Technology, too, was on the table—though not, perhaps, as front and center as some had hoped. Semiconductors, the building blocks of modern artificial intelligence and a major source of friction between Washington and Beijing, were discussed, but Trump clarified that “We’re not talking about the Blackwell,” referring to Nvidia’s latest AI processors, which remain under tight U.S. export controls. The question of Chinese access to U.S. technology, particularly in the fast-moving field of AI, remains unresolved.

Other elements of the truce include a one-year pause on Chinese countermeasures related to the U.S. Section 301 trade investigation, suspension of plans to extend technology-related export controls to Chinese subsidiaries, and a halt to tit-for-tat port fees. Trump announced plans to visit China in April 2026, with Xi expected to make a reciprocal visit to the U.S. “sometime after that.” Notably, the contentious issue of Taiwan did not come up during the talks.
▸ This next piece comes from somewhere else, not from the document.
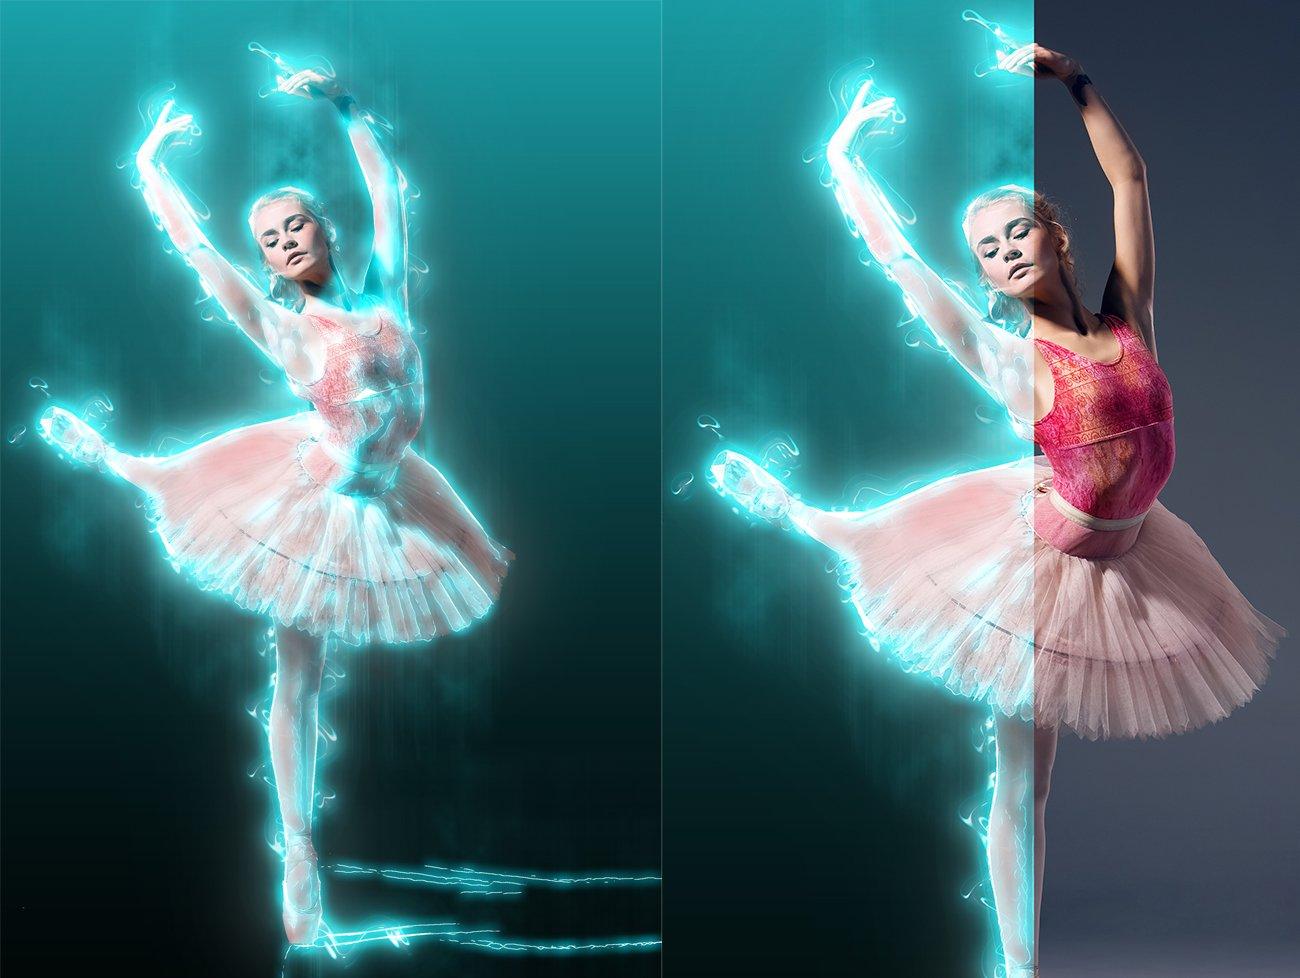 超炫能力发光效果照片处理特效PS动作素材 Light Photoshop Action插图2

For all the headline-grabbing announcements, many in the business community and among policy experts remain cautious. Sabrin Chowdhury, head of commodities at BMI (part of the Fitch Group), told The New York Times that it could take a decade for the U.S. and its allies to develop independent supply chains for rare earth materials. In the meantime, Western countries are investing heavily to reduce their reliance on China, but progress is slow and the risks of future disruptions remain high.
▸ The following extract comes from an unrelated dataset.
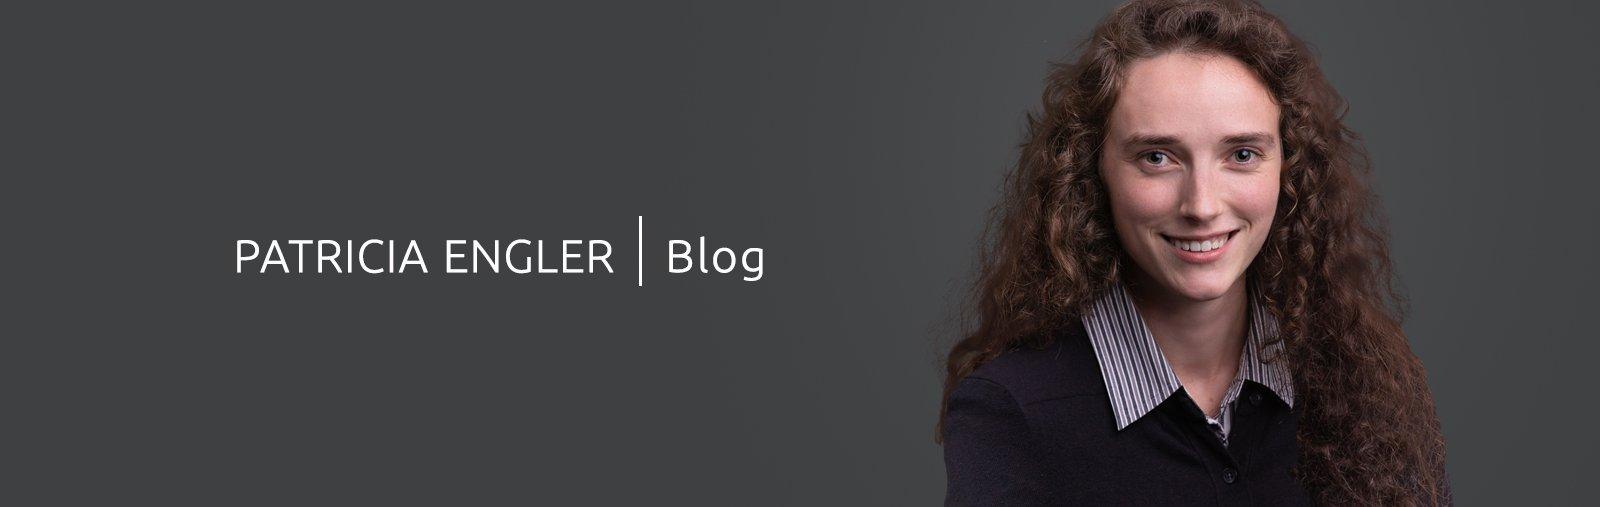 Patricia Engler's Blog

European officials, meanwhile, are seeking clarity on what China’s export pause will mean for them. The European Union Chamber of Commerce in China has warned that factories across the continent are struggling to secure enough rare earth magnets, and with only half of export license requests reportedly being approved by Beijing, uncertainty remains the order of the day. EU trade officials are set to meet with their Chinese counterparts in Brussels, hoping to hammer out more predictable arrangements.

As for the future, both sides have left the door open to further negotiations. Trump, for one, expressed optimism that the yearlong suspension of China’s October export controls will be extended before it expires. Xi, according to Chinese state media, emphasized that China “does not seek to challenge or replace any other country and instead focuses on doing its own business well.” He called for both sides to “focus on long-term benefits brought by cooperation rather than falling into a vicious cycle of retaliation.”

In the high-stakes world of U.S.-China relations, even a temporary truce offers a measure of relief—and a chance, however slim, for a more stable future. But with so many issues left unresolved and the underlying competition for technological and economic supremacy still simmering, few are betting that the calm will last.